Angka terutama dari artikel wikipedia dan dimaksudkan sebagai ilustrasi. Kecuali -0, itu hanya untuk bersenang-senang.
Stephen

Masalahnya adalah ada BANYAK bilangan bulat dalam kisaran besar yang tidak terwakili sama sekali.
Barry Brown

@ BarryBrown Benar sekali. "Namun banyak kondisi dan spesifikasi dihilangkan".
Stephen

-1

Alasan biasa adalah karena mereka cepat karena JVM biasanya menggunakan dukungan perangkat keras yang mendasarinya (kecuali Anda menggunakan strictfp).

Lihat https://stackoverflow.com/questions/517915/when-to-use-strictfp-keyword-in-java untuk apa yang disiratkan strictfp.


Matematika floating point lebih cepat dari matematika integer?
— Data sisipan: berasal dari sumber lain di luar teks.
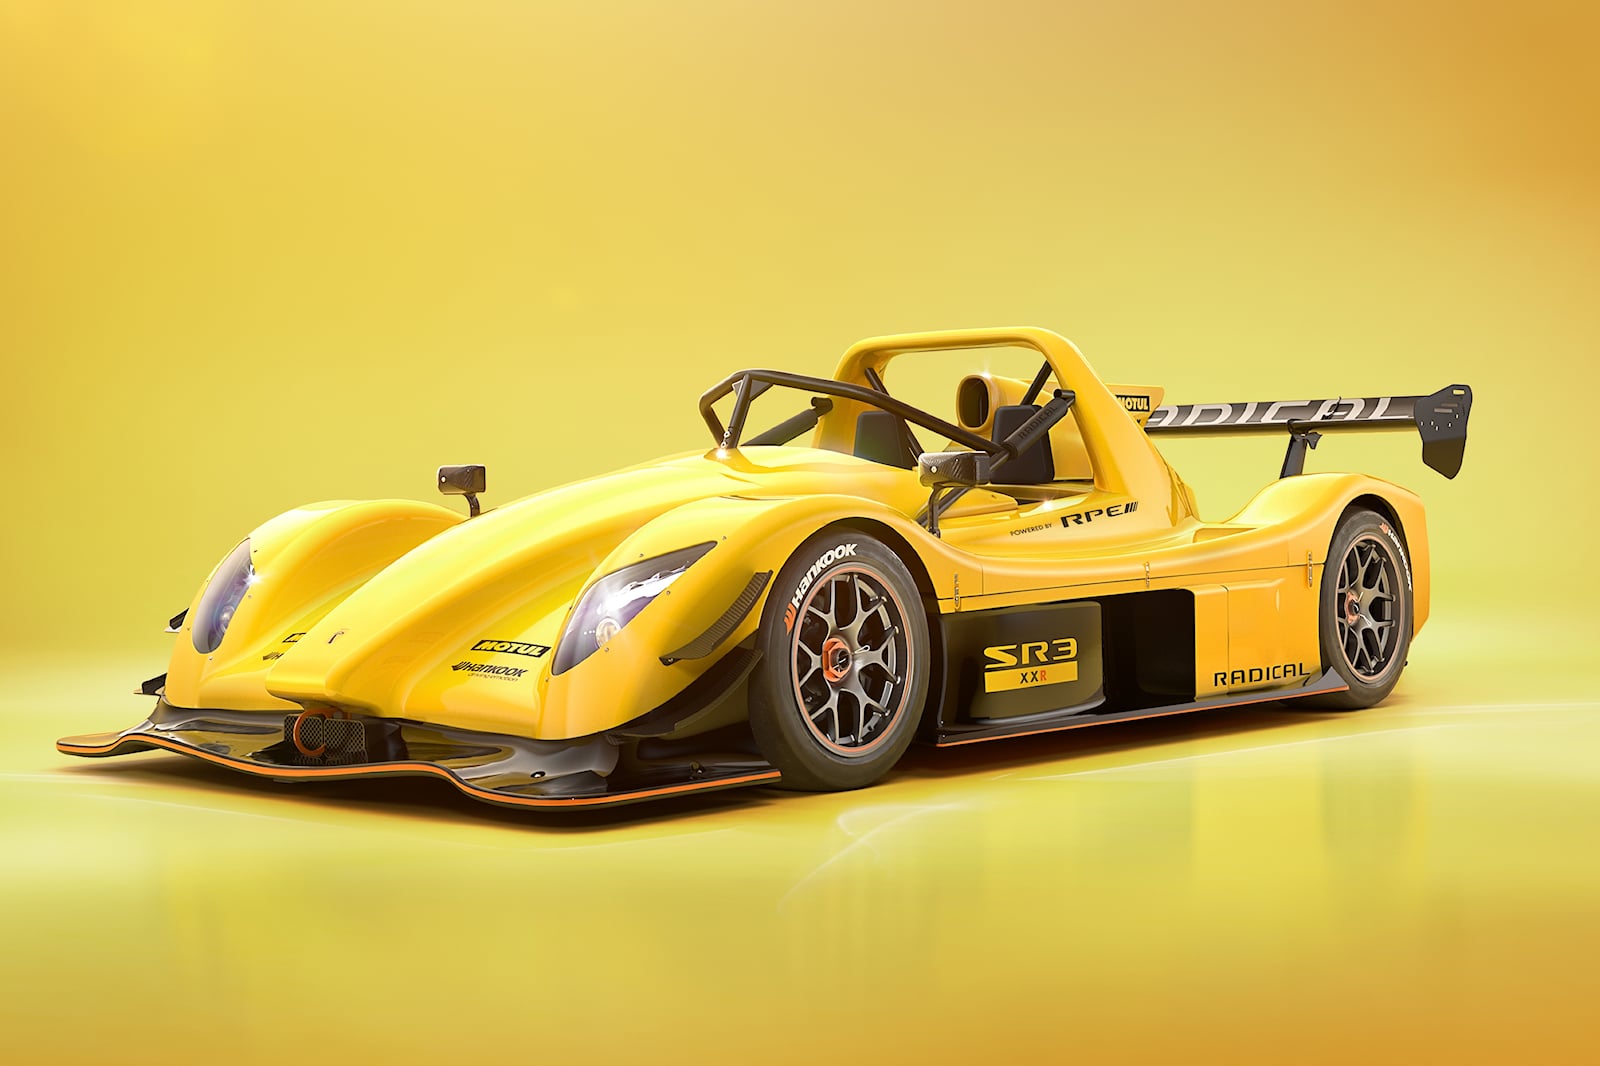 Radical SR3 XXR Debuts With 232 HP And E85 Compatibility
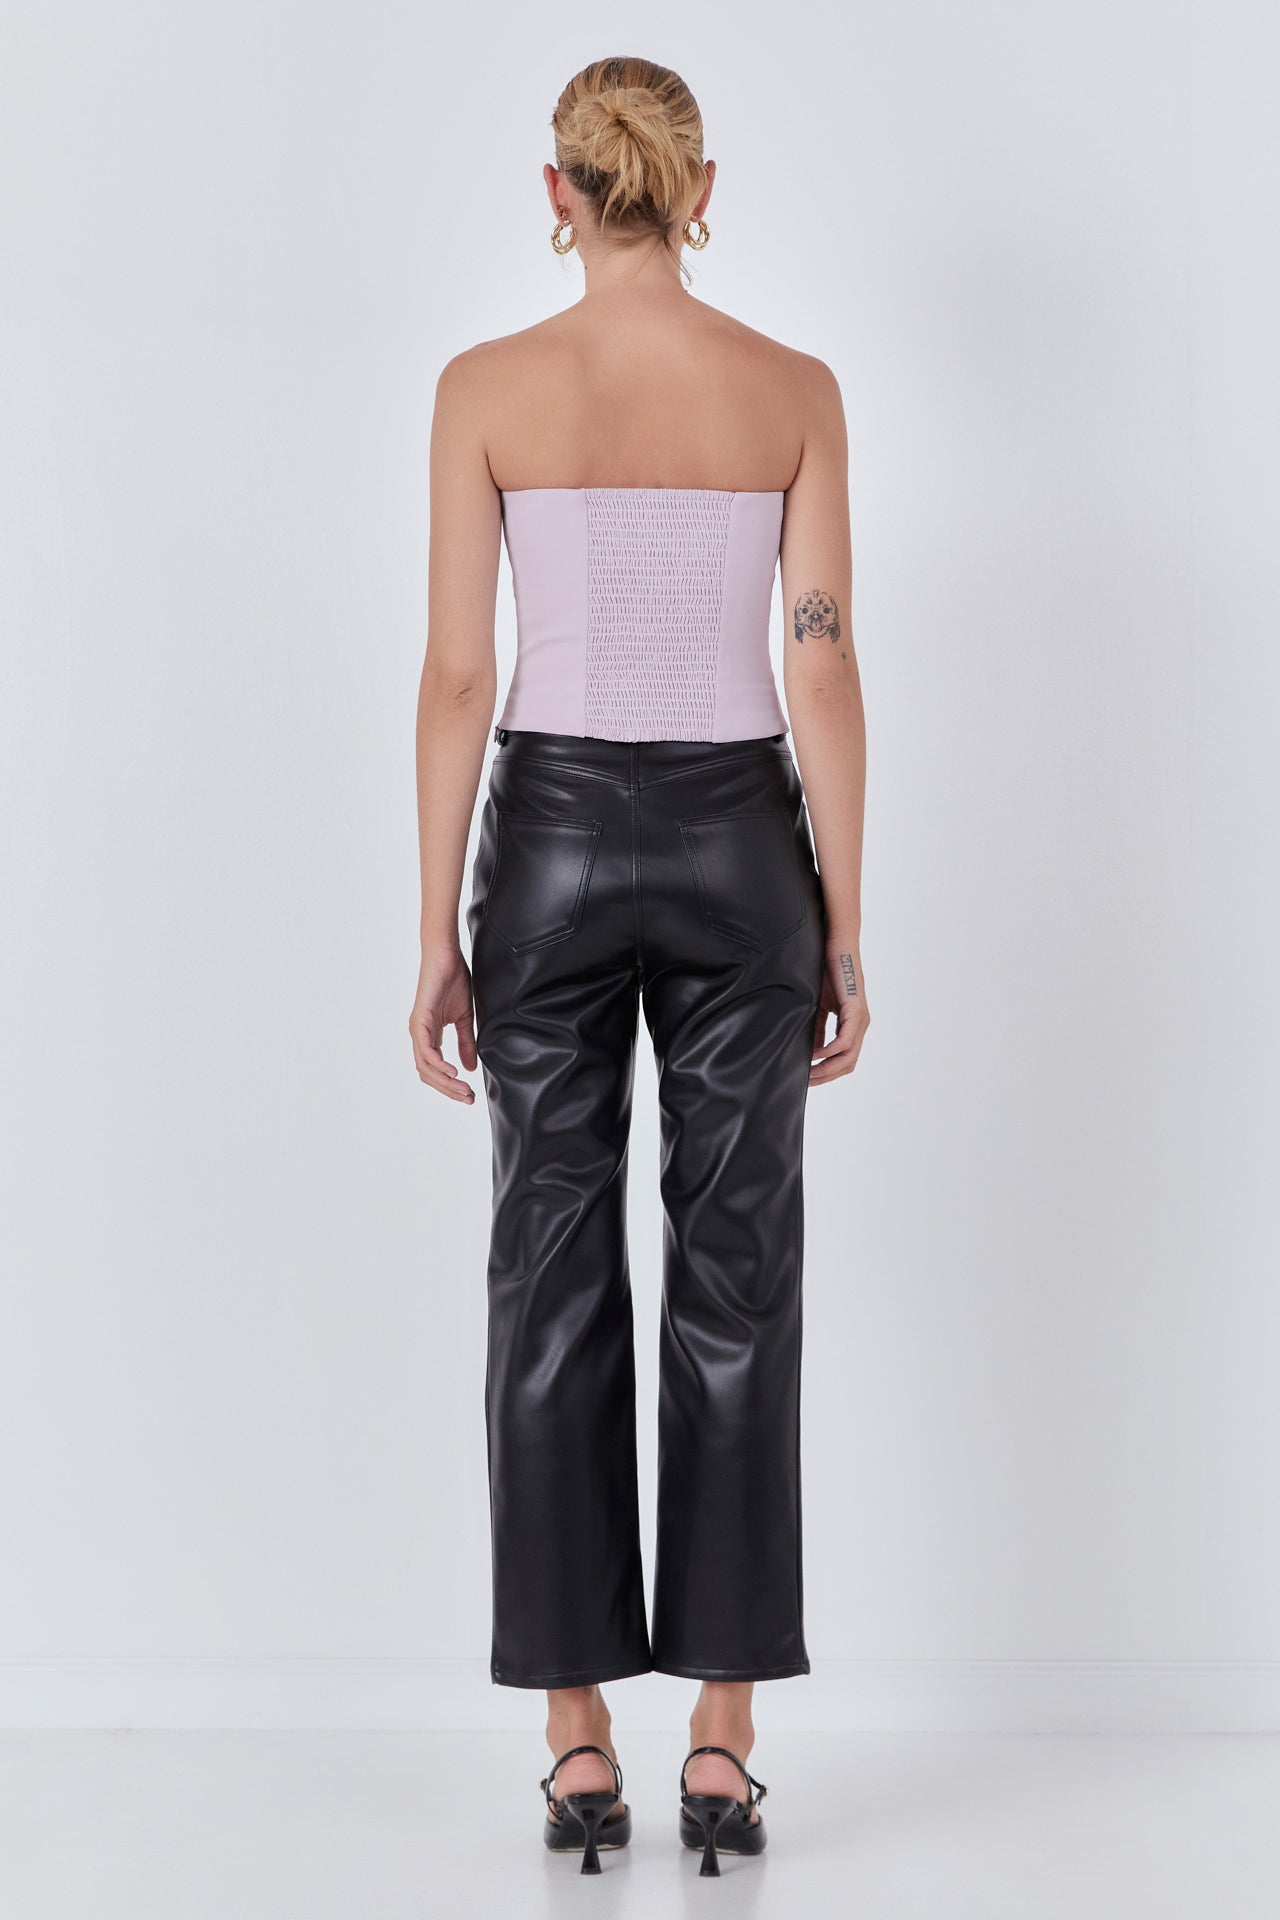 ENDLESS ROSE - Strapless Rose Top - TOPS available at Objectrare

Pada prosesor apa perhitungan floating point mengambil siklus lebih sedikit daripada perhitungan integer?
this.josh

1
@ this.josh, sangat tergantung pada jumlah digit yang Anda miliki di nomor Anda. Juga bilangan bulat tidak dapat membagi secara tepat yang mungkin atau mungkin tidak penting.

-2

Itu sebabnya kami membutuhkan sistem operasi 256bit.

Panjang Plank (jarak terkecil yang bisa Anda ukur) = 10 ^ -35m
Alam semesta yang dapat diamati adalah parsecs sepanjang 14Bn = 10 ^ 25m
Jadi Anda bisa mengukur apa pun dalam satuan panjang Plank sebagai bilangan bulat jika Anda hanya memiliki presisi 200 bit.


2
-1: bagaimana jika Anda mensimulasikan hal-hal pada skala yang lebih besar dari alam semesta yang dapat diamati?
amara

2
@sparkleshy, itulah gunanya FAR pointer!
Martin Beckett
Dengan menggunakan situs kami, Anda mengakui telah membaca dan memahami Kebijakan Cookie dan Kebijakan Privasi kami.
Licensed under cc by-sa 3.0 with attribution required.